• _EXERCISE OBJECTIVE_
Provide an exact copy of the data, excluding the images.

• _COLLECTED MATERIAL_
━━━━━━━━━━━━━━━━━━━━

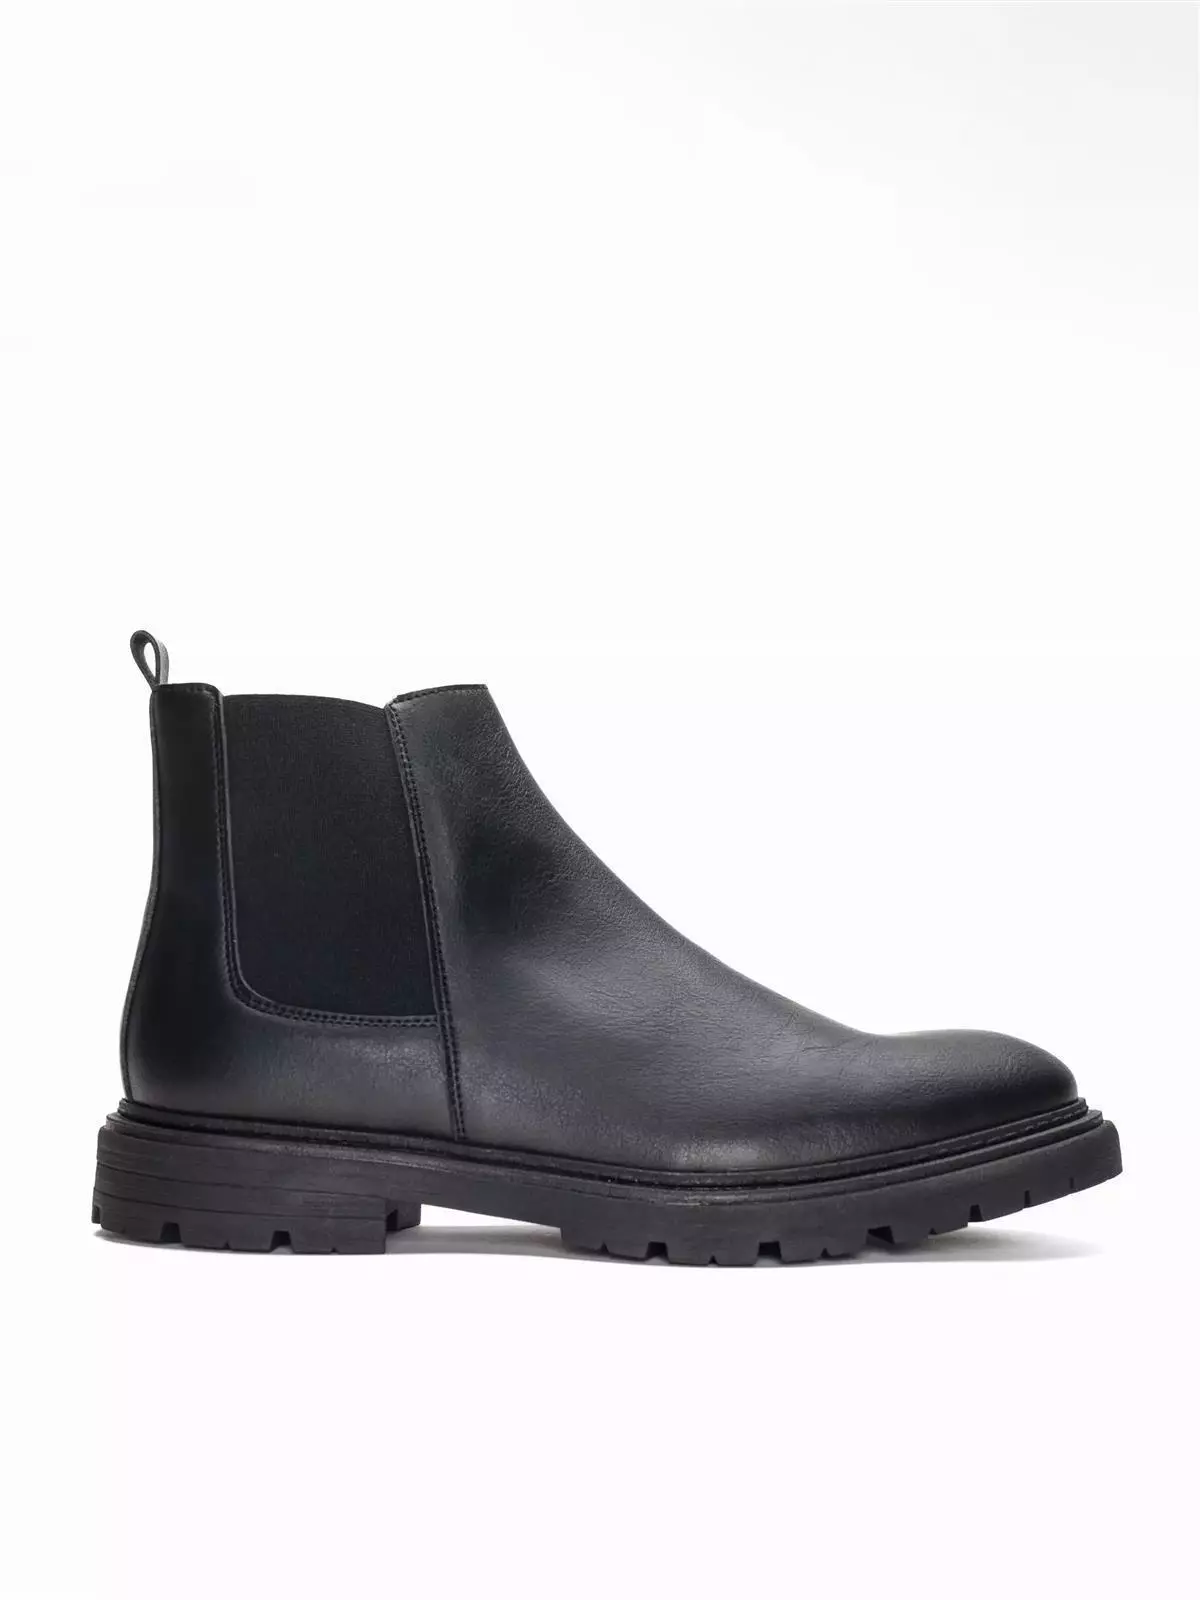 Chelsea-Boots Modell: Lukas
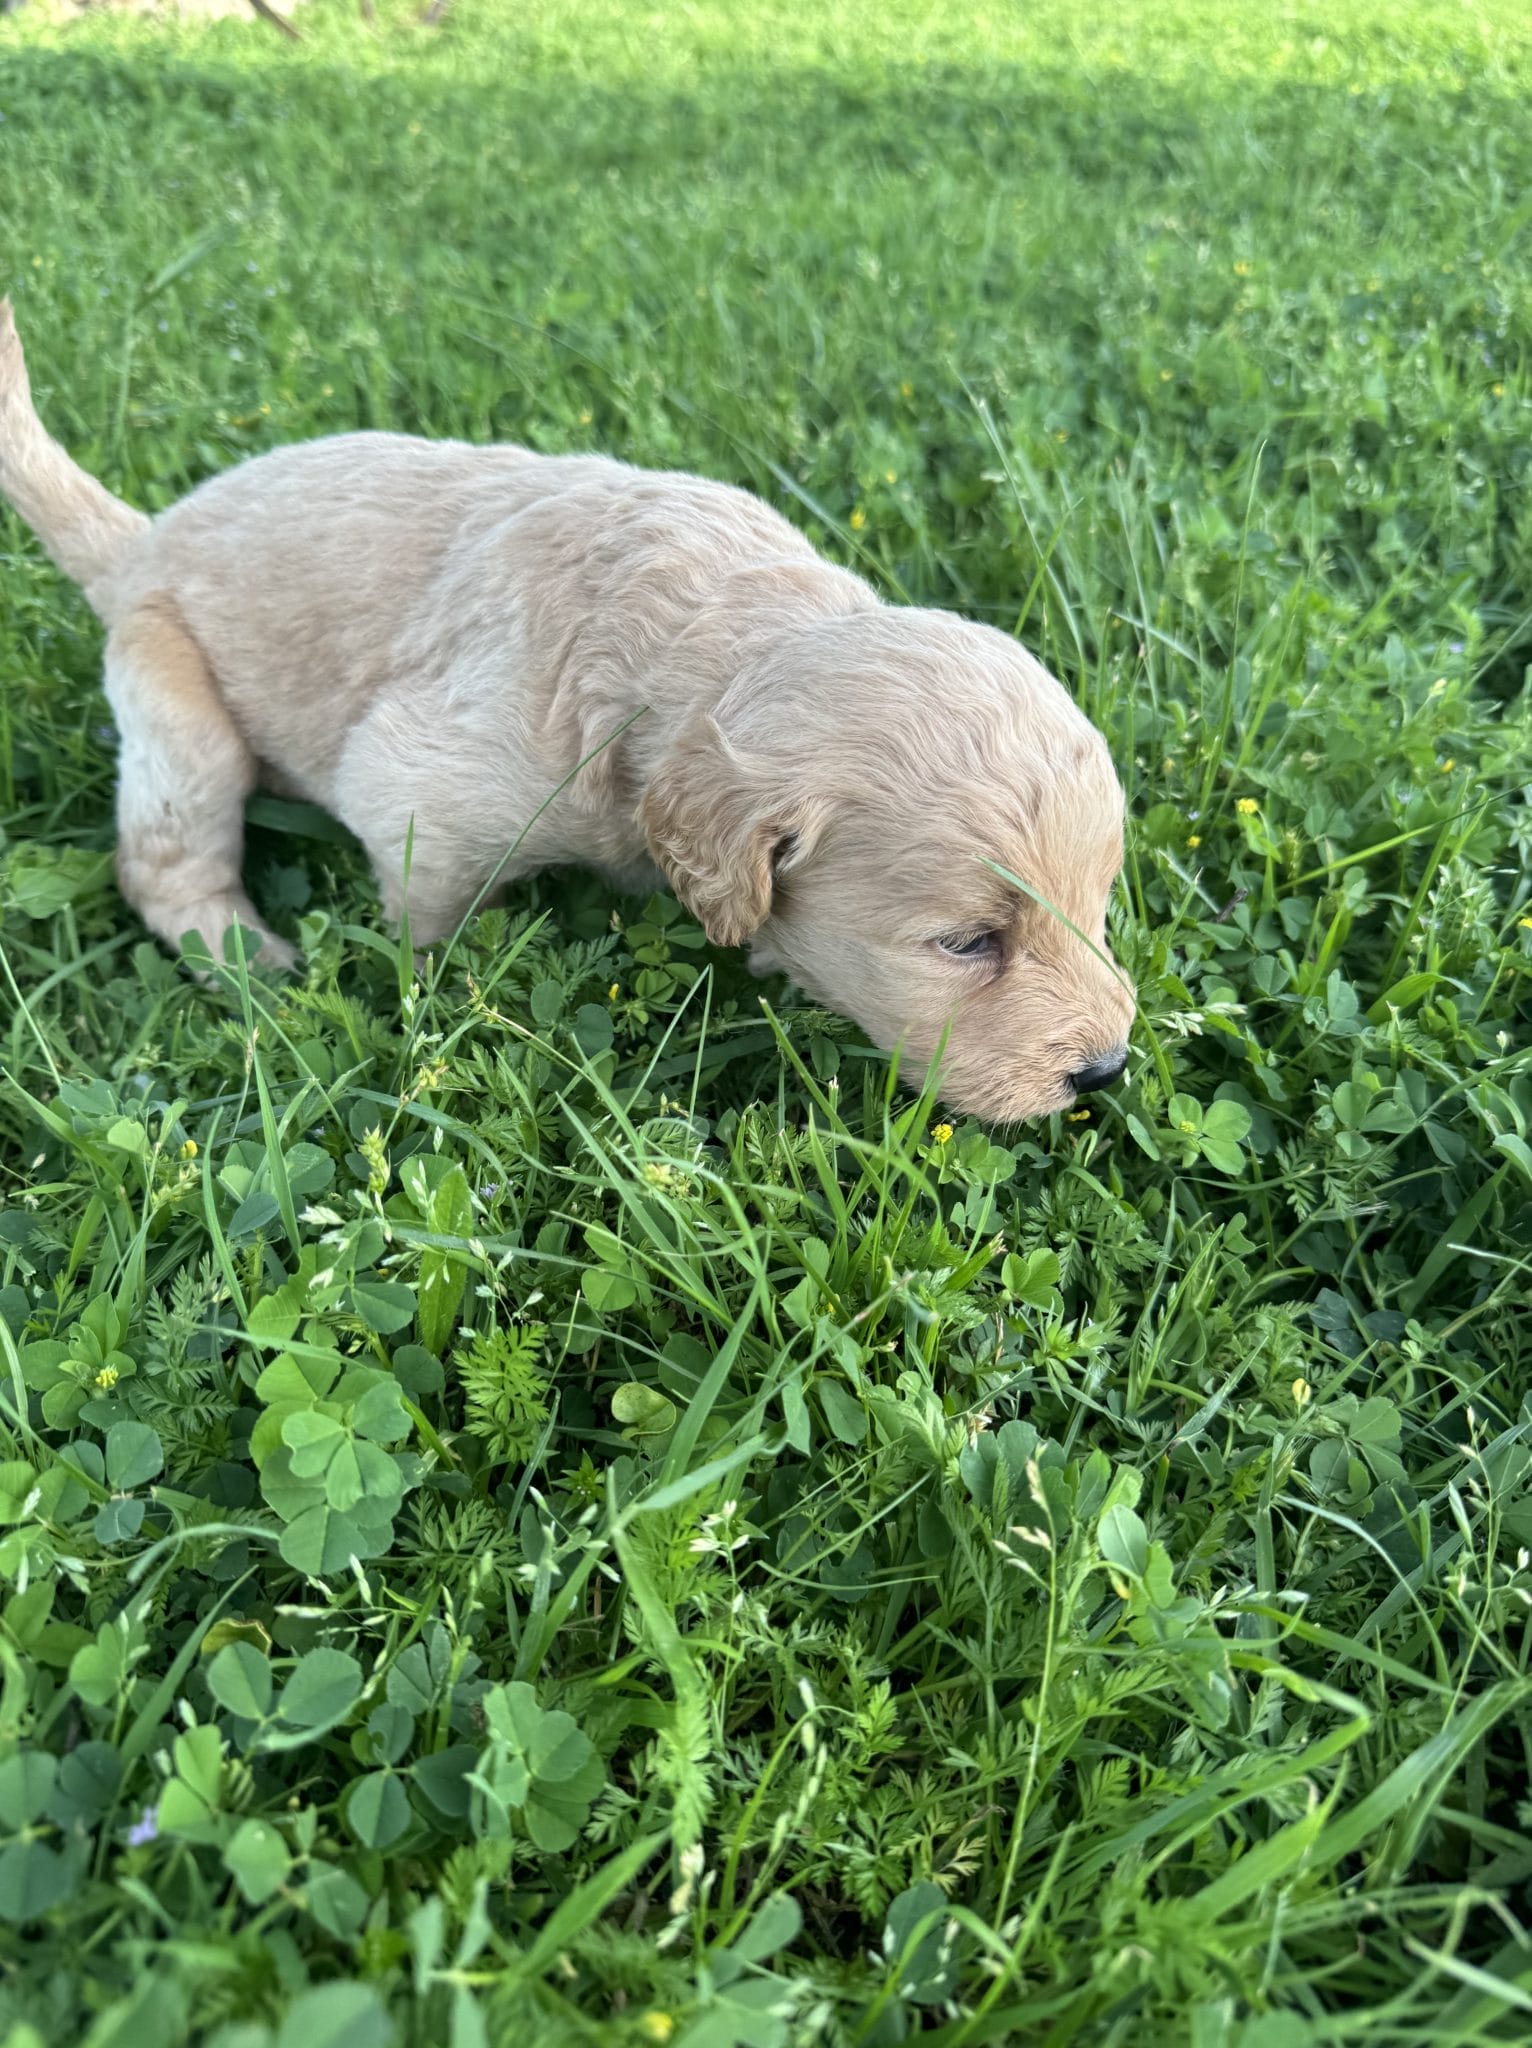 White F1B Standard Goldendoodle Puppy “Mauve” 55-65 lbs Female Puppy
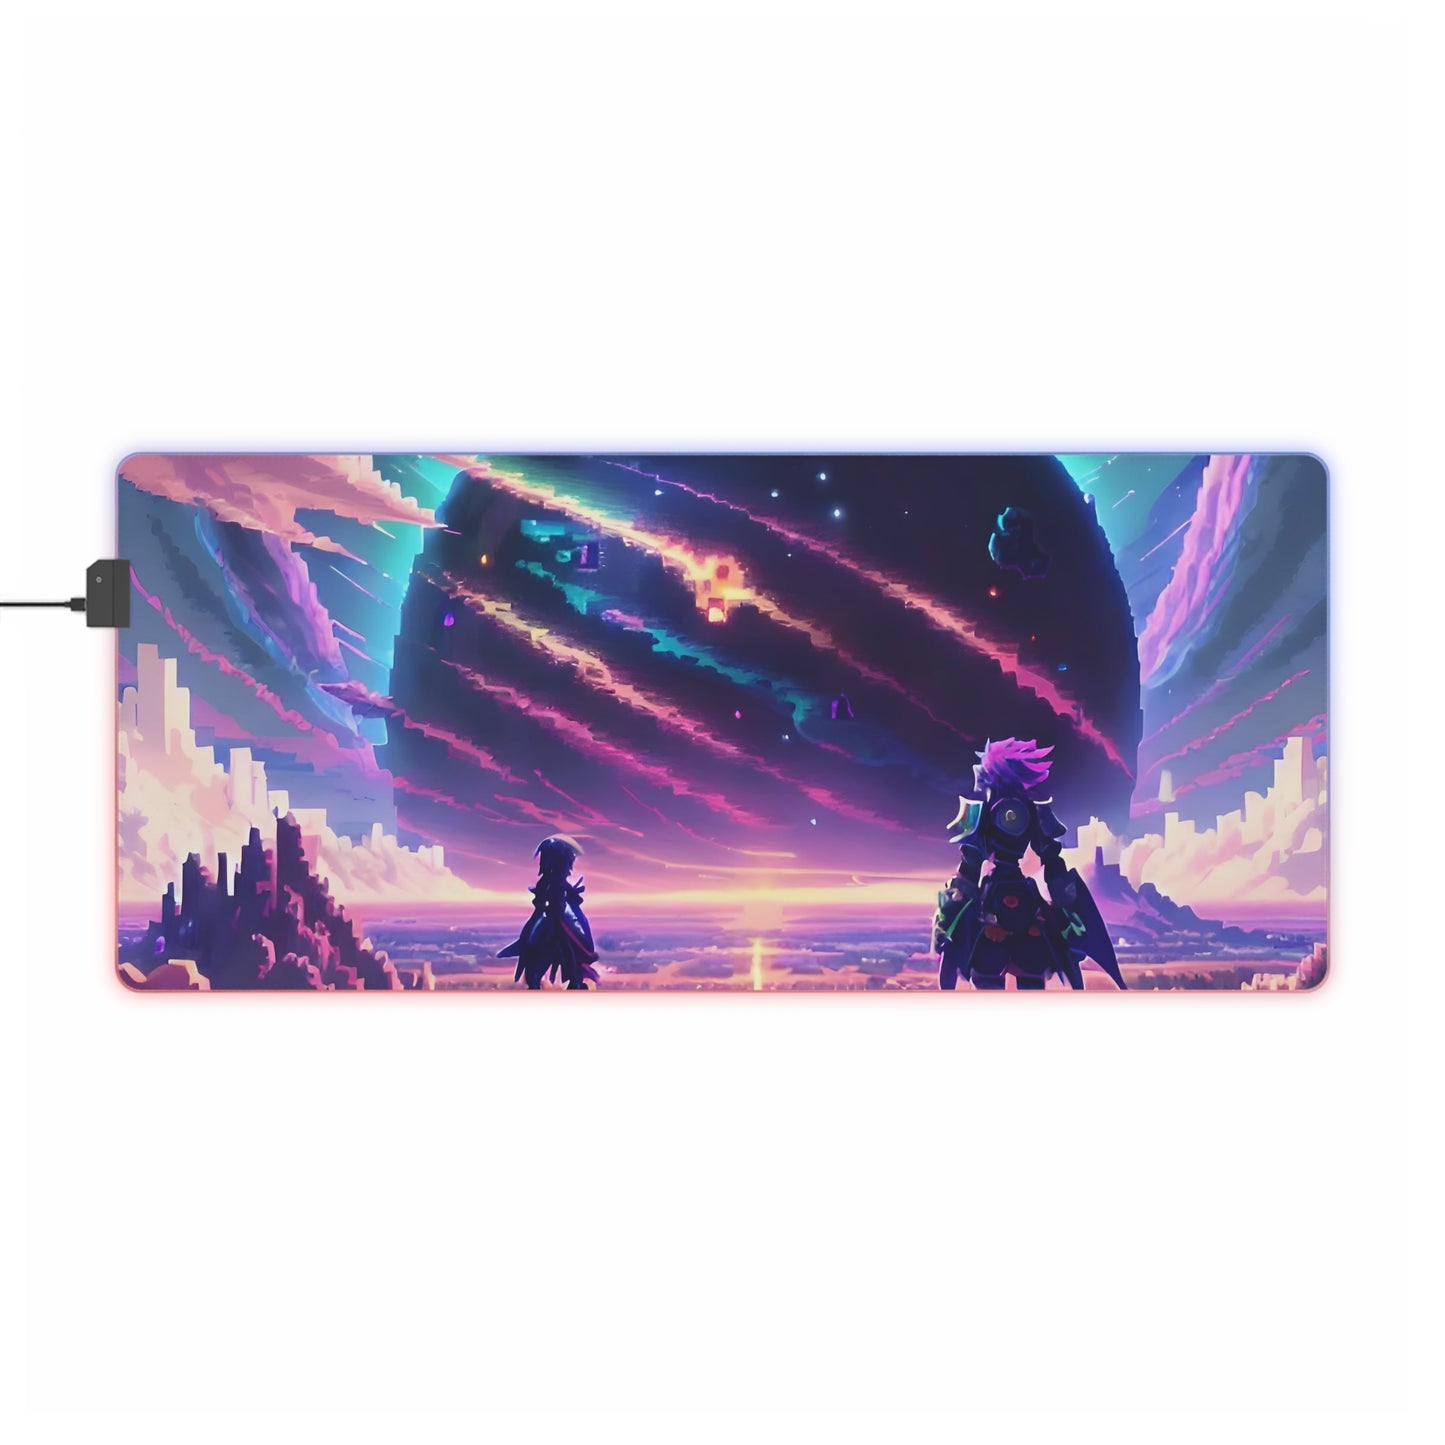 Heroes journey LED Gaming Mouse Pad

━━━━━━━━━━━━━━━━━━━━

• _COMPLETED TASK_
 Chelsea-Boots Modell: Lukas
 White F1B Standard Goldendoodle Puppy “Mauve” 55-65 lbs Female Puppy
 Heroes journey LED Gaming Mouse Pad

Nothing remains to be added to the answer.